- _Activity_
Give the data again exactly, without images.

- _Given data_
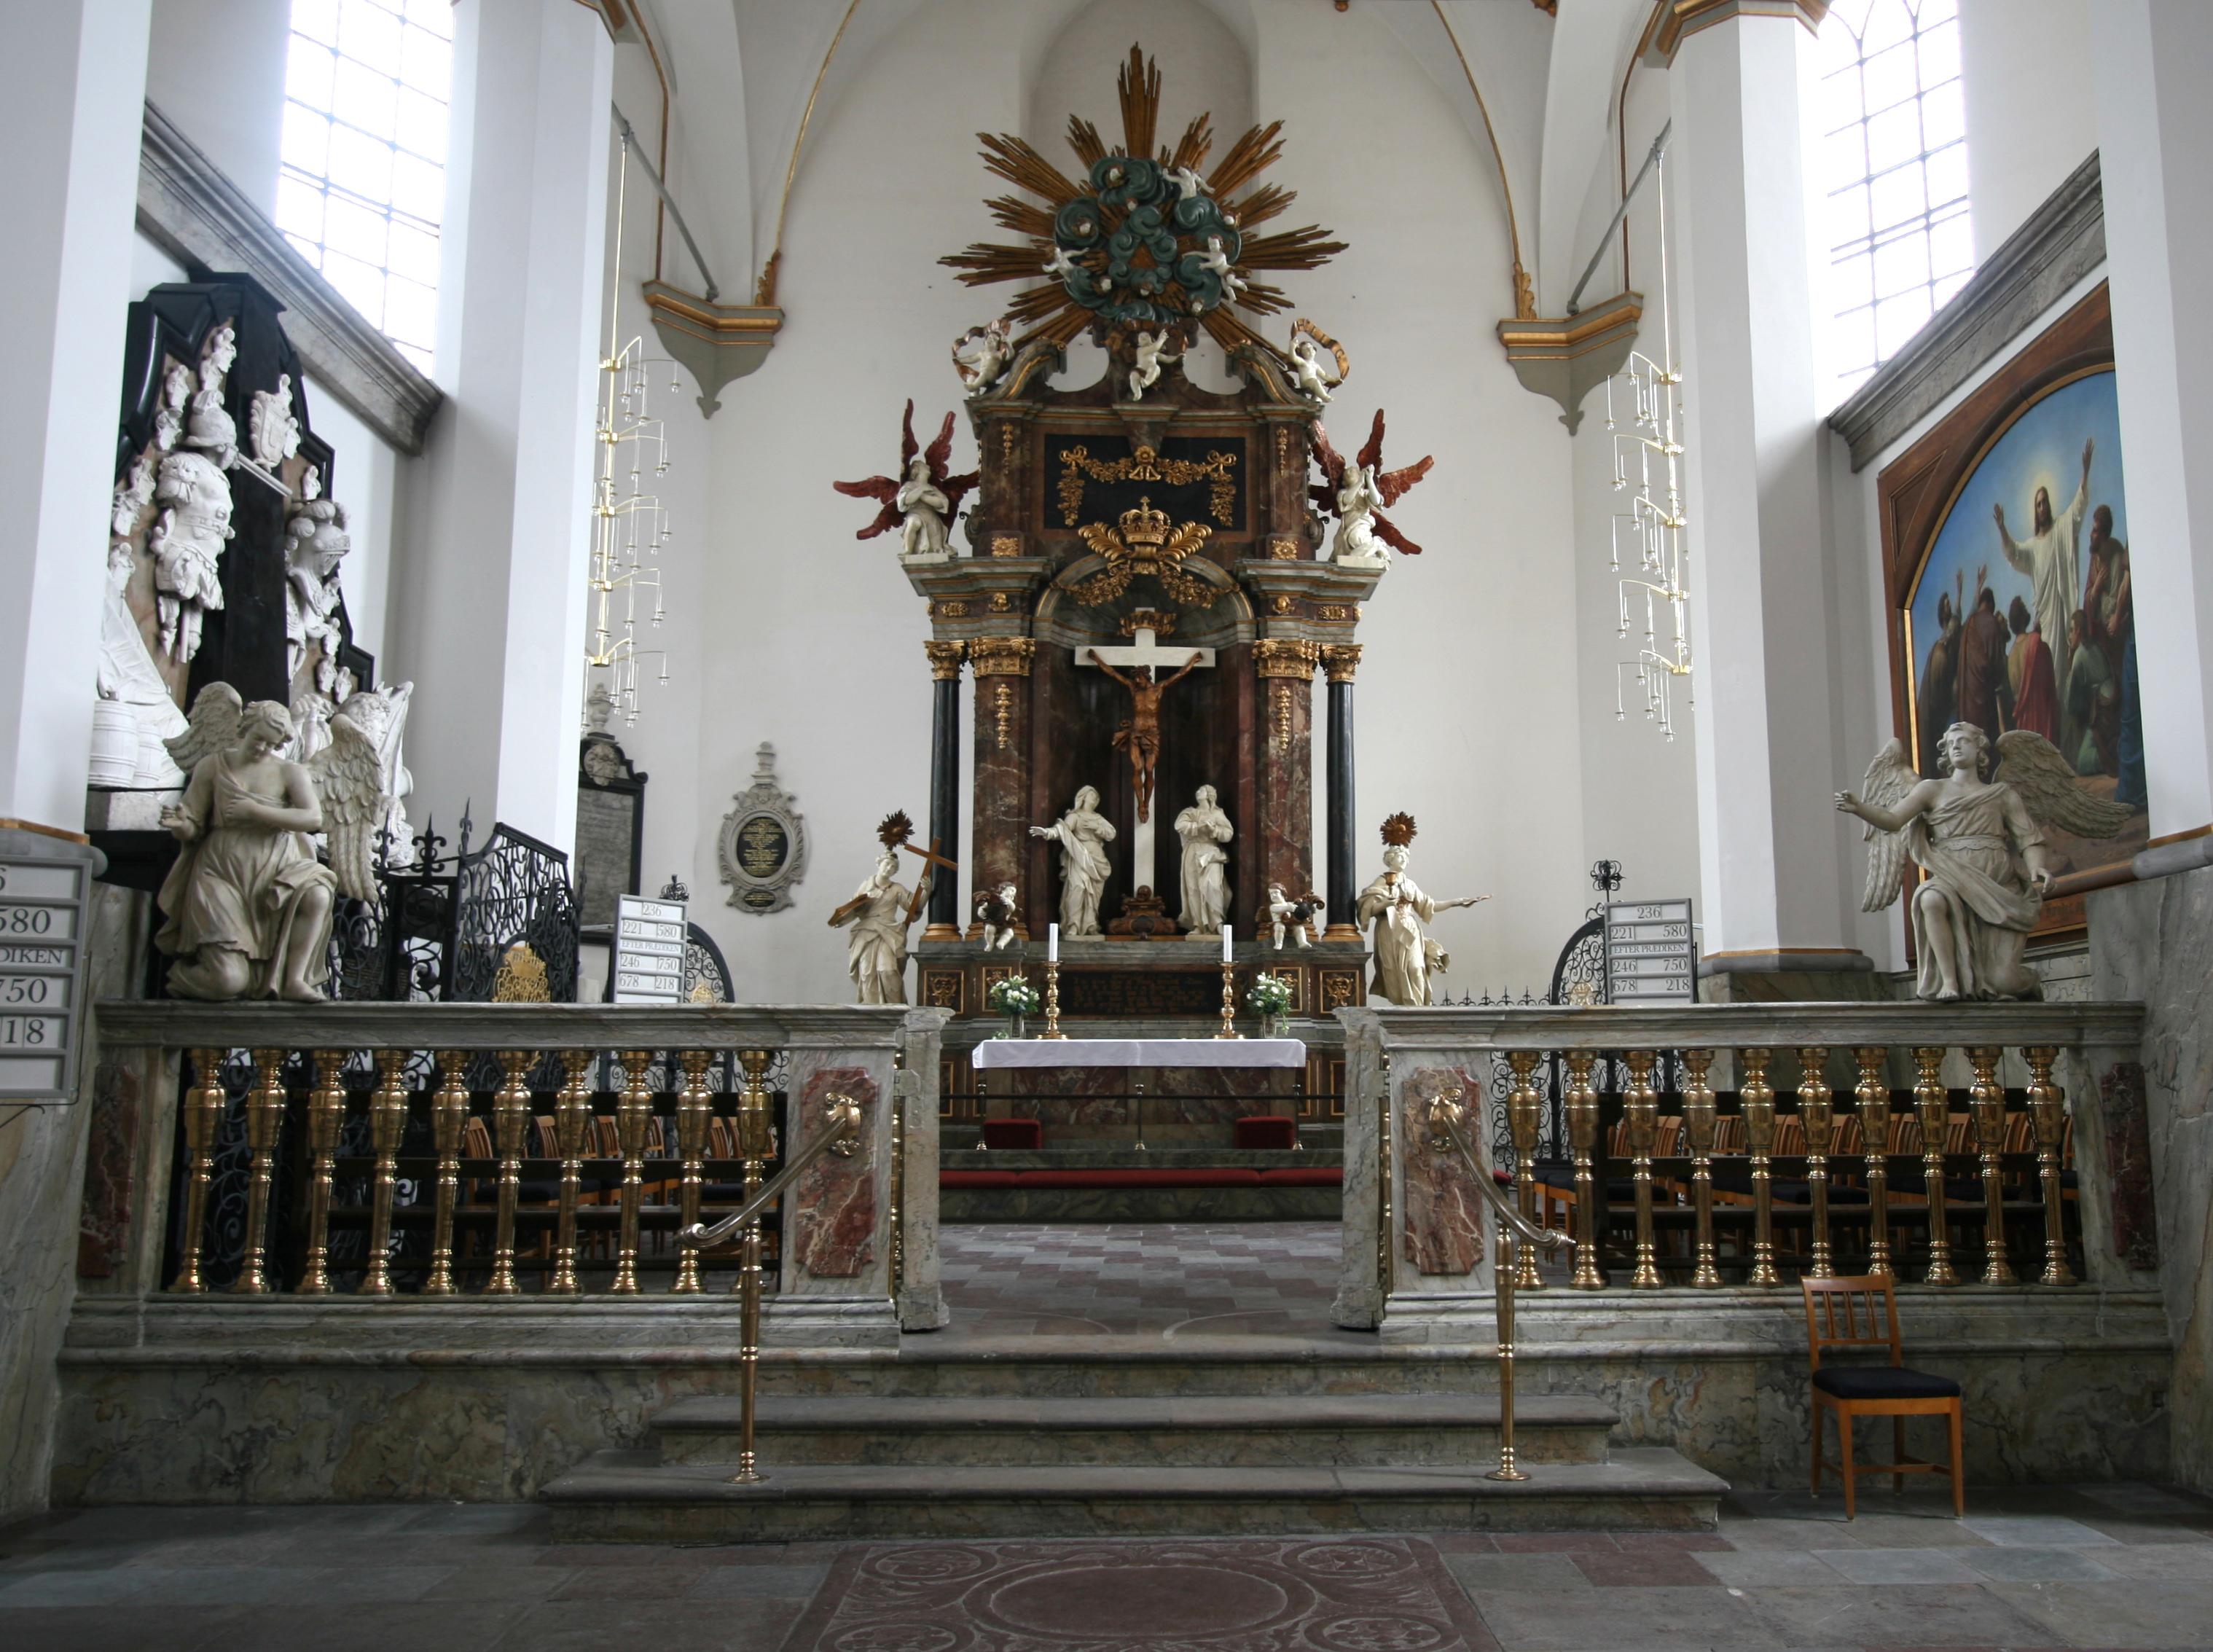 File:Trinitatis Kirke Copenhagen quire.jpg.
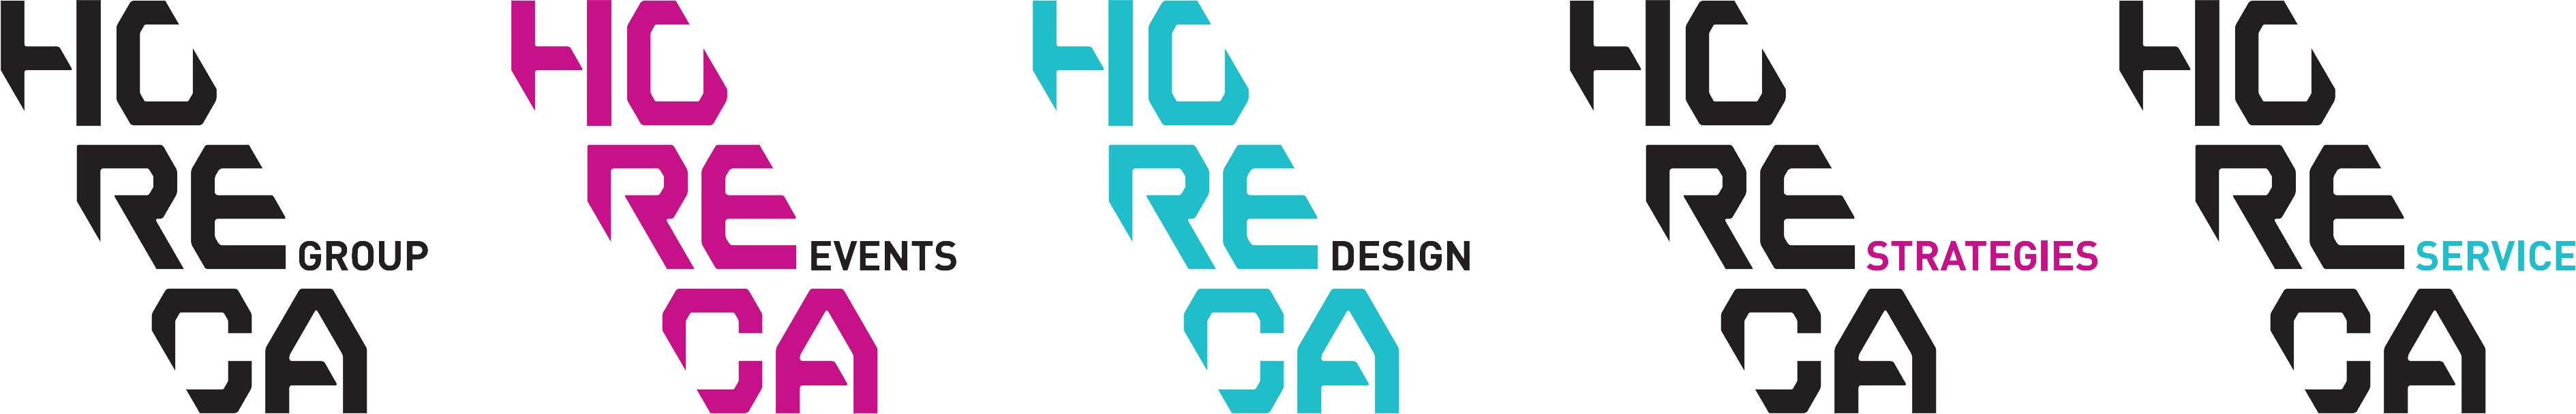 horeca-group-events-design-strategies-service-logo
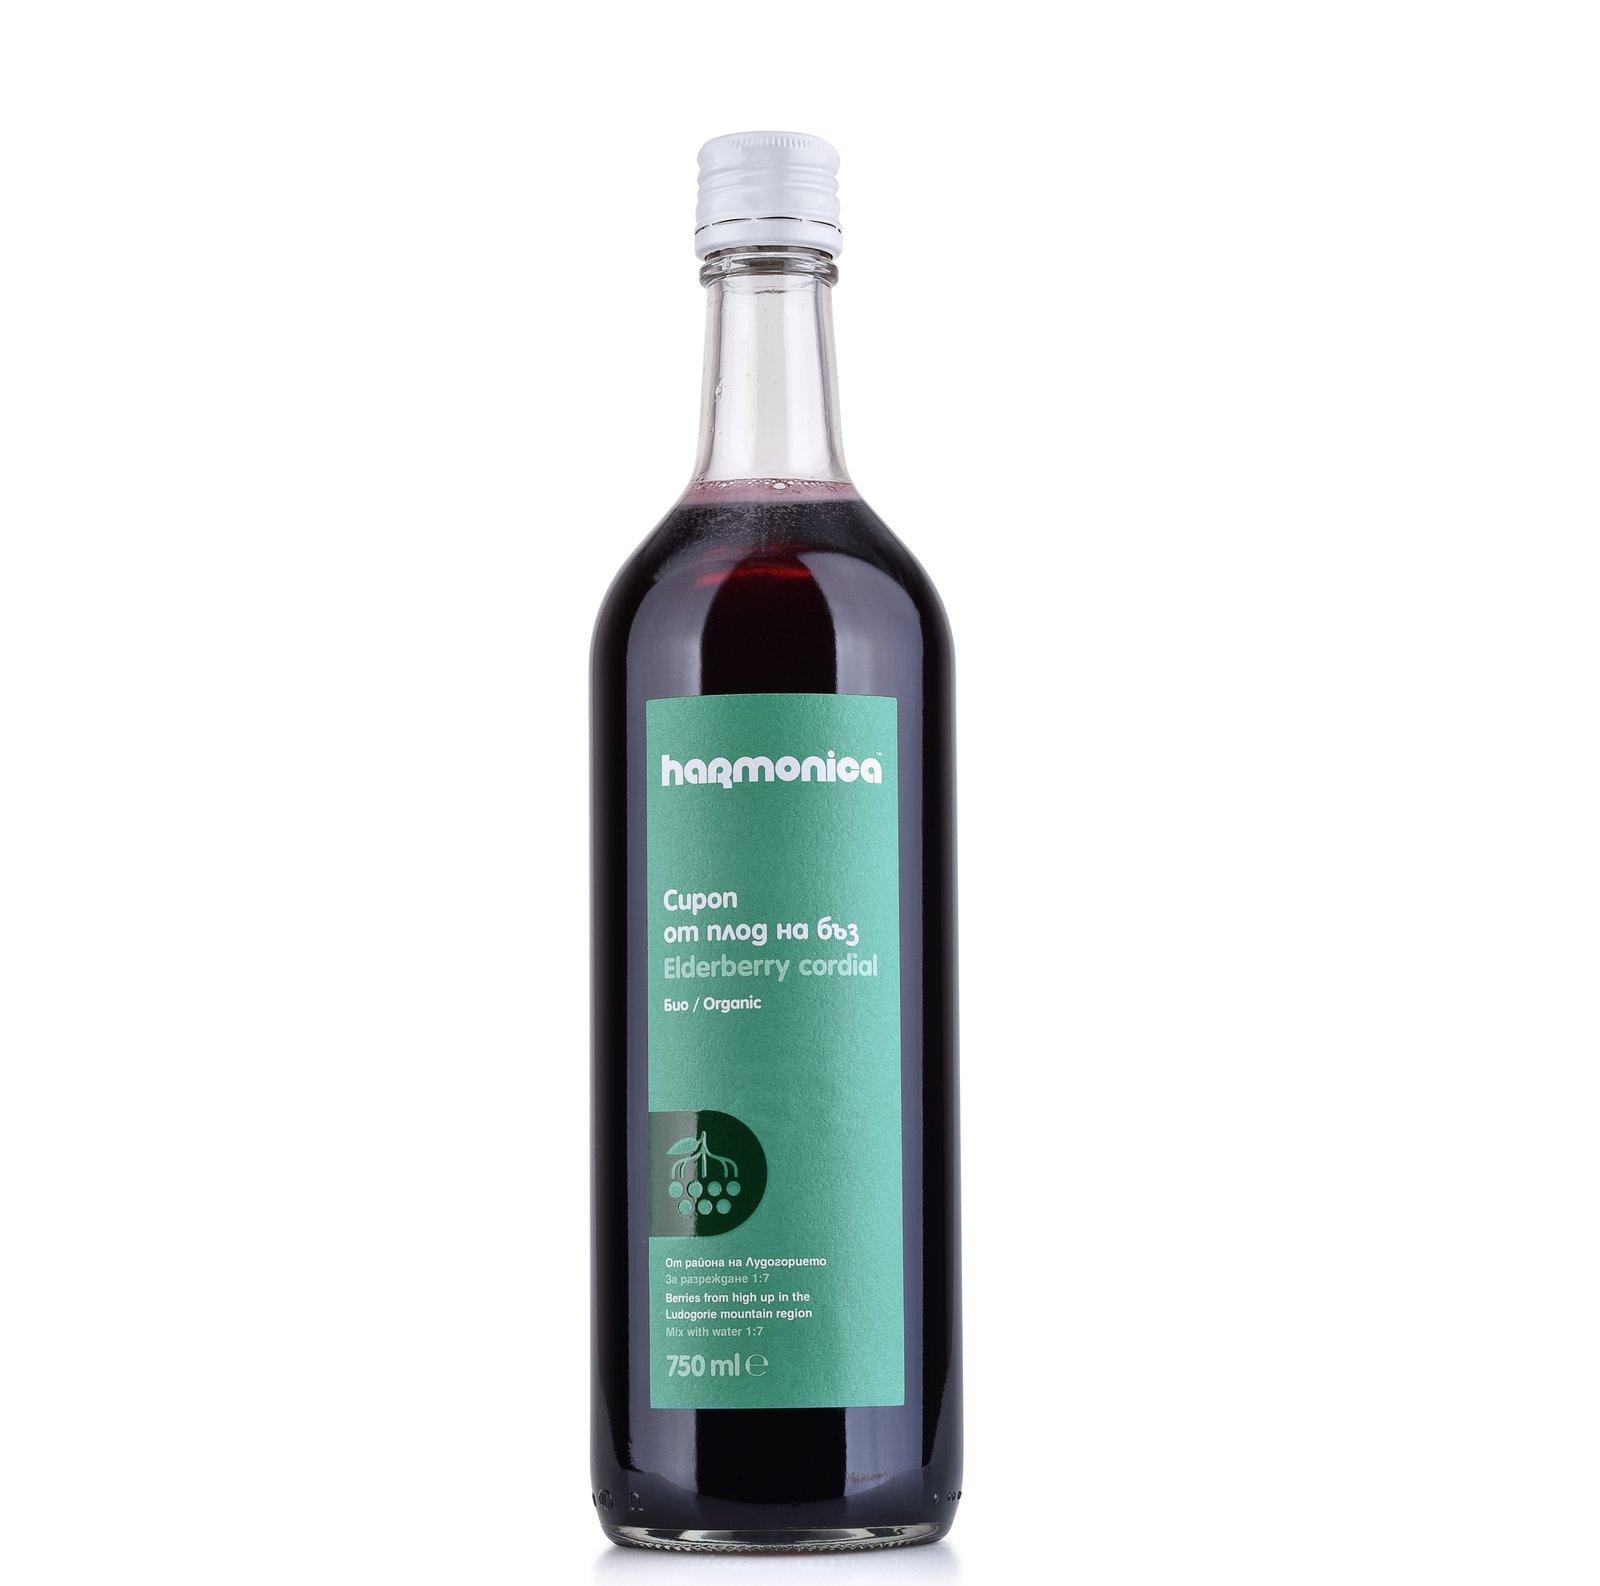 Bio Sirop Din Fructe De Soc Harmonica 750 Ml Nourish Biomarket

- _Expected answer_
 File:Trinitatis Kirke Copenhagen quire.jpg.
 horeca-group-events-design-strategies-service-logo
 Bio Sirop Din Fructe De Soc Harmonica 750 Ml Nourish Biomarket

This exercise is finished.